Your assignment
Everything in the data gets repeated exactly, except for the pictures.

Source material

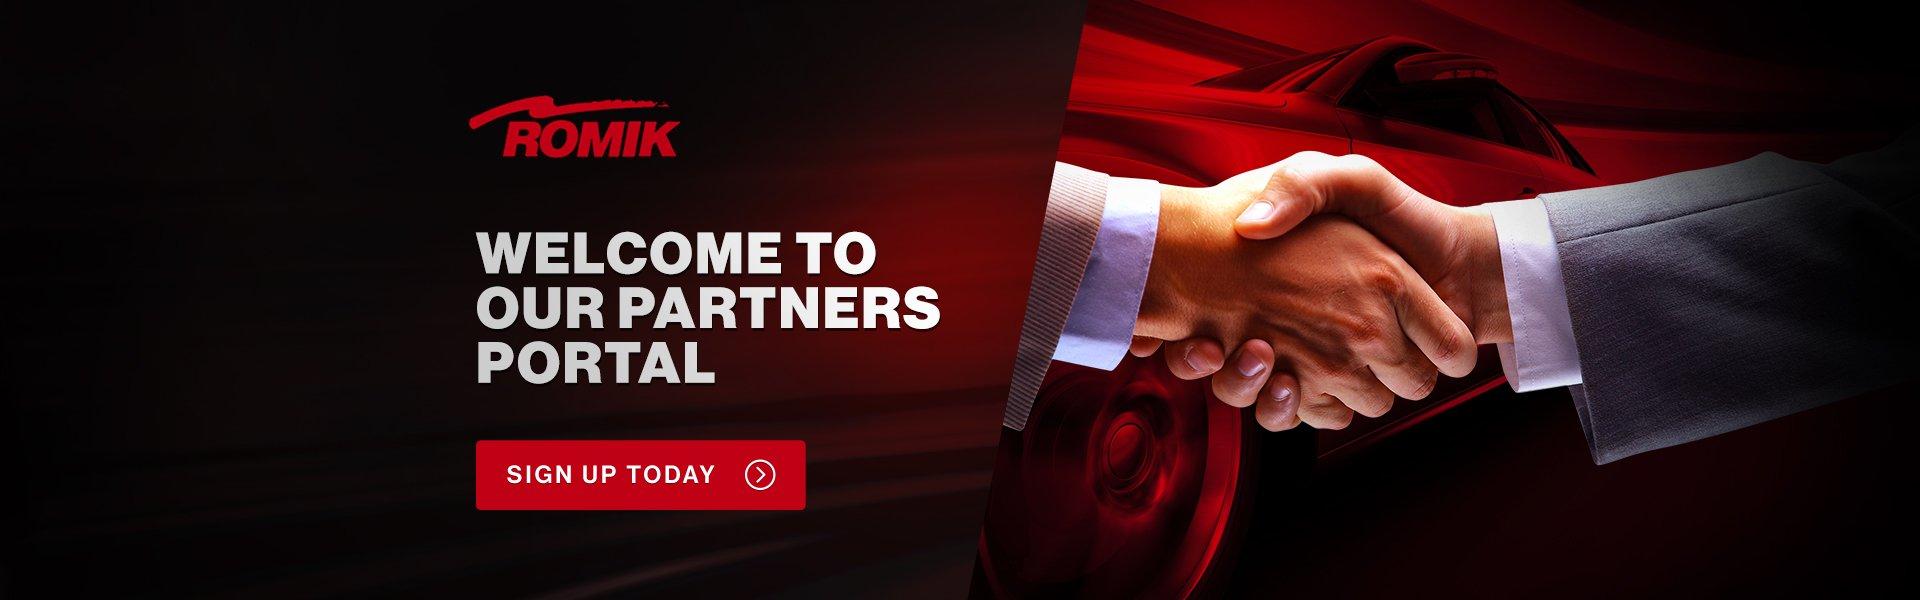 https://partners.romik.com/customer/account/create/
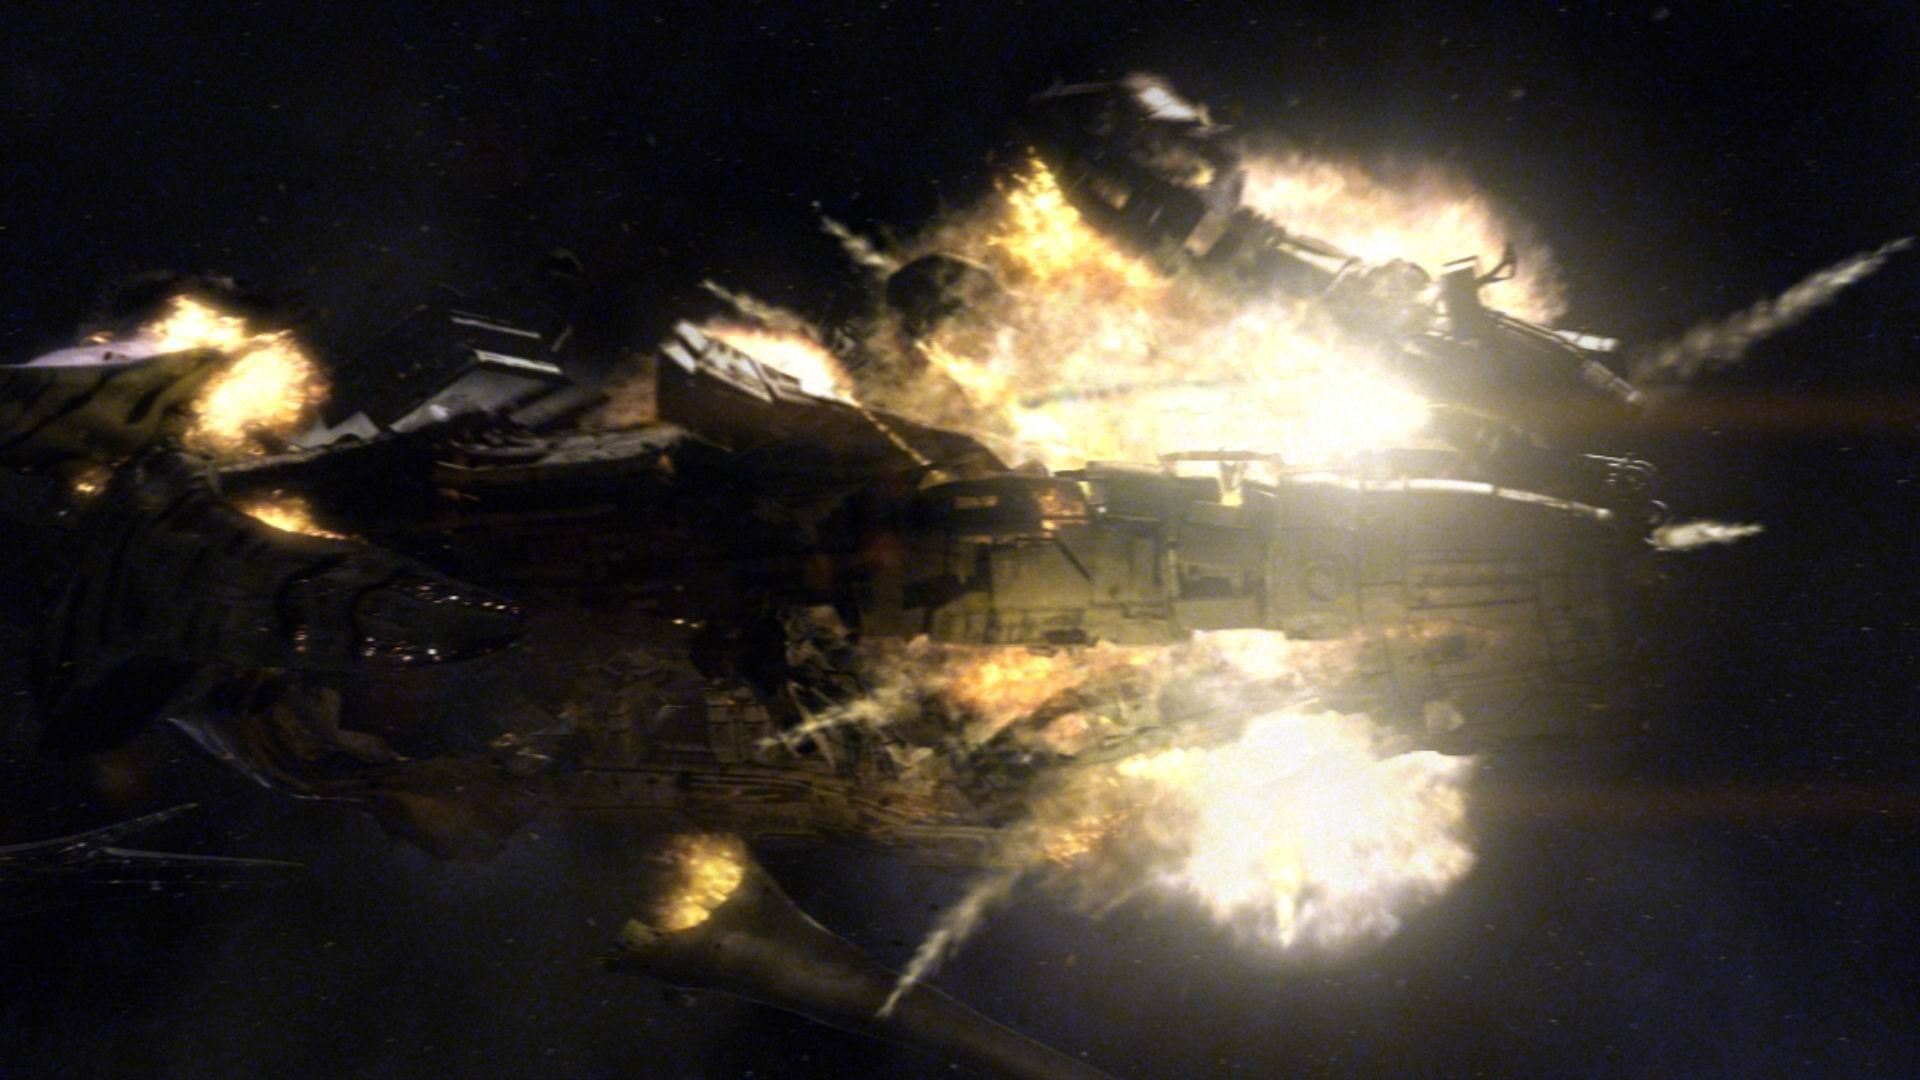 Battlestar Galactica Wallpaper for Android – Wallpapers
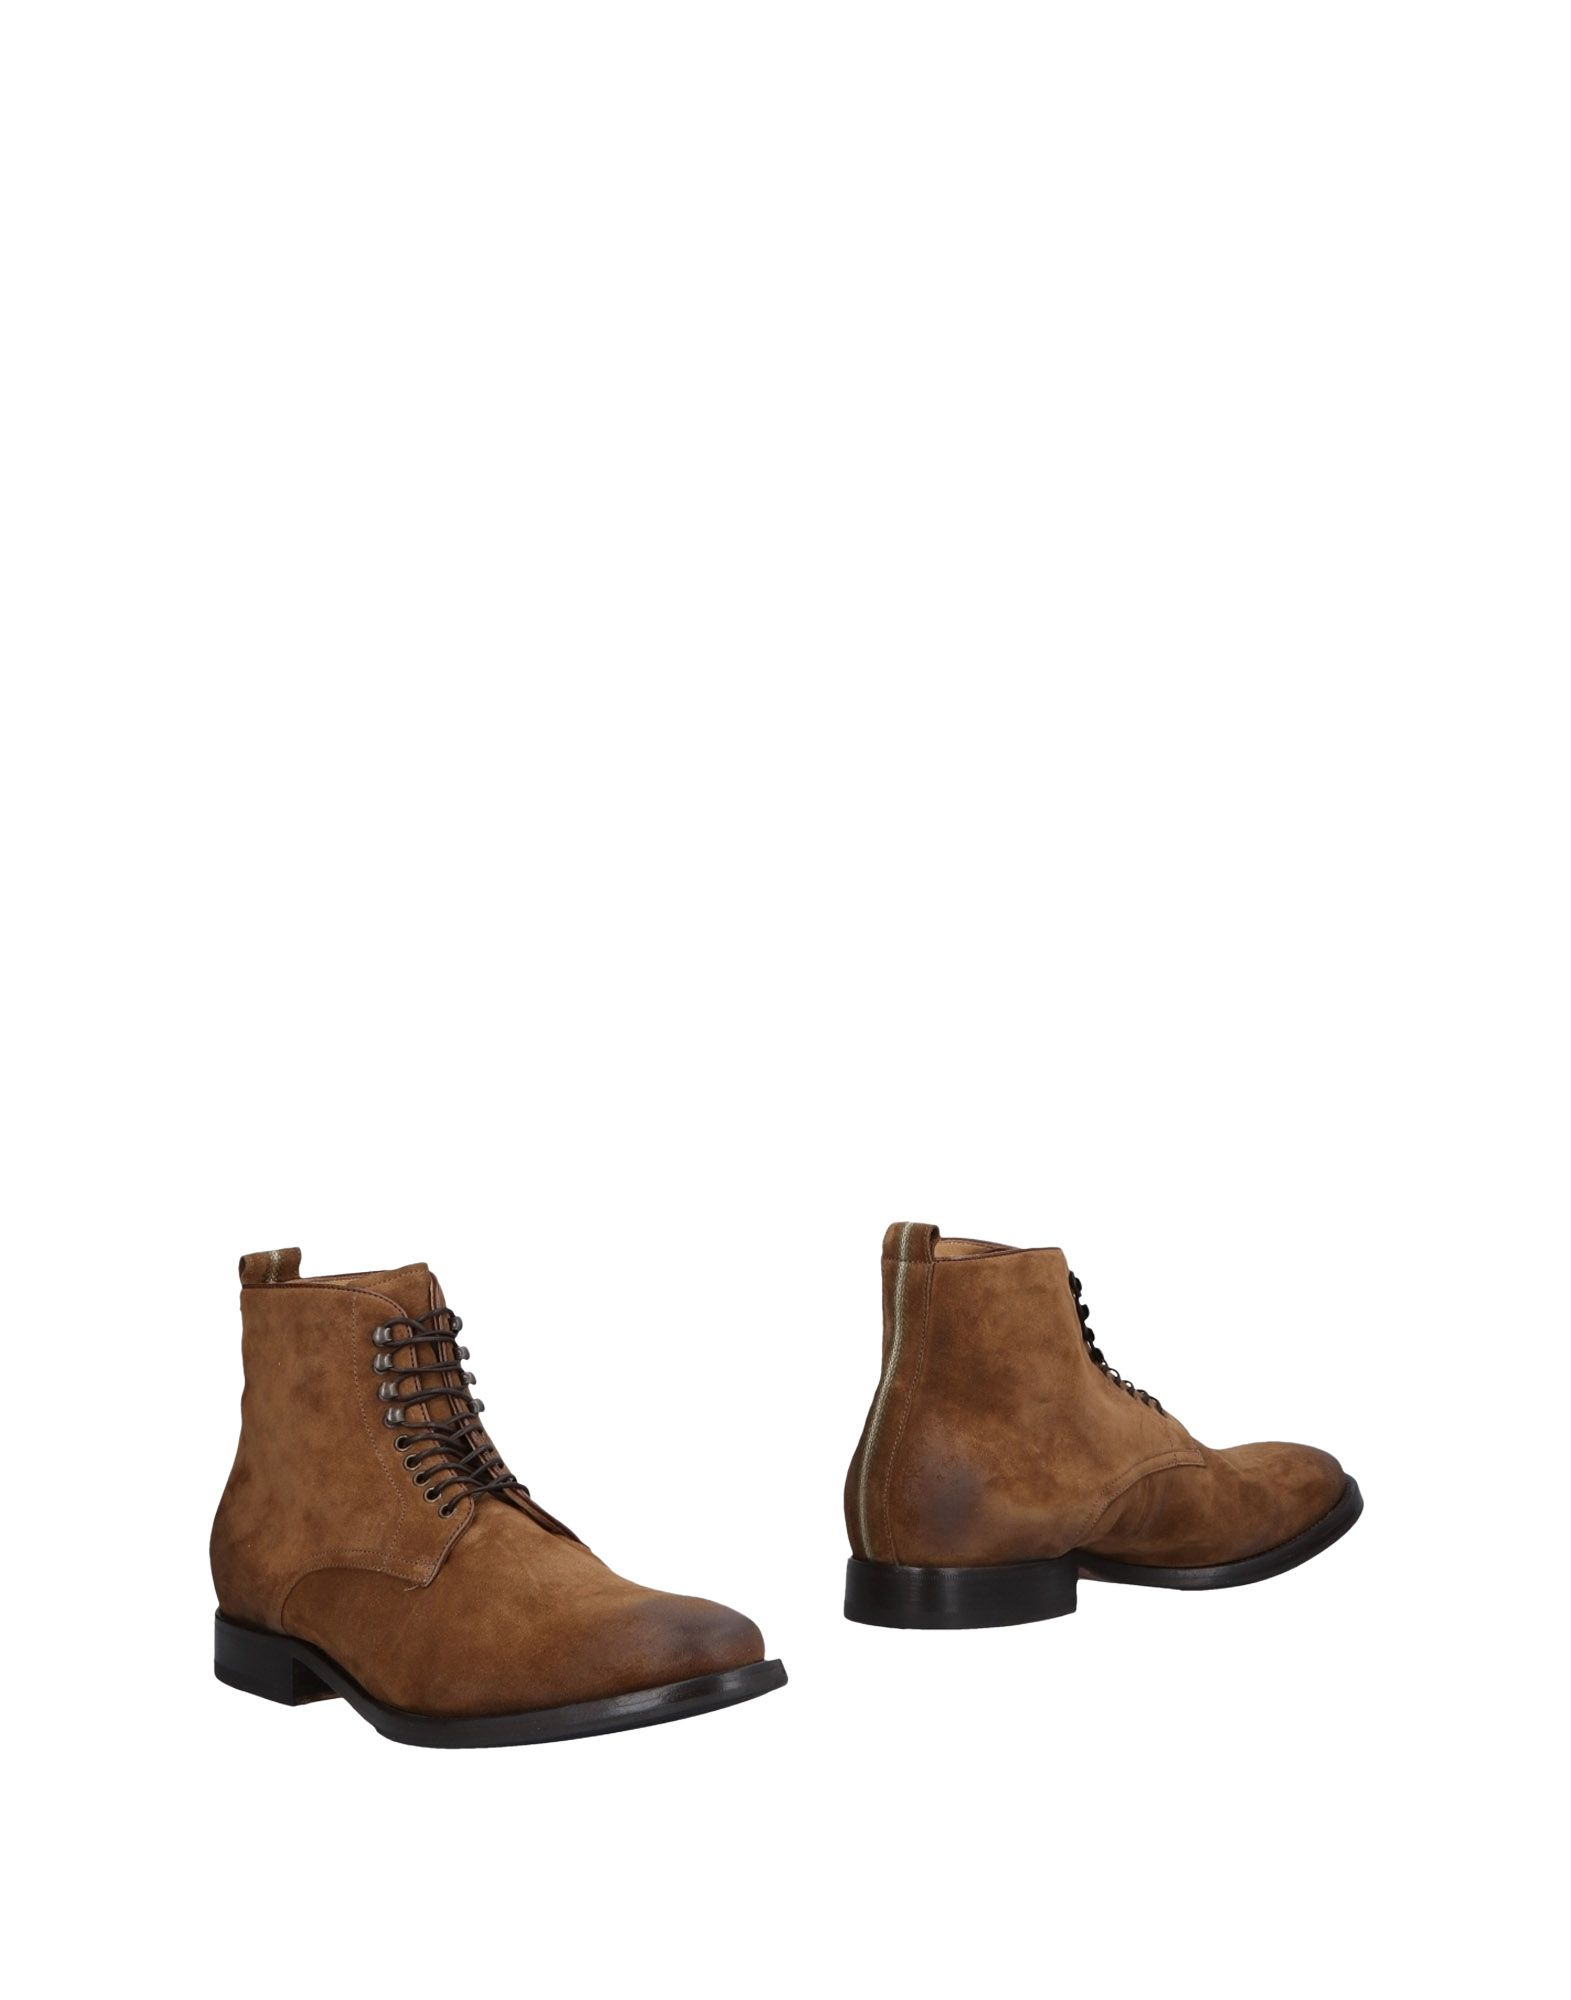 sartori or bottes - en hommes sartori or bottes en - ligne sur l'australie - 11472844sd 15cdee

Answer to the problem
 https://partners.romik.com/customer/account/create/
 Battlestar Galactica Wallpaper for Android – Wallpapers
 sartori or bottes - en hommes sartori or bottes en - ligne sur l'australie - 11472844sd 15cdee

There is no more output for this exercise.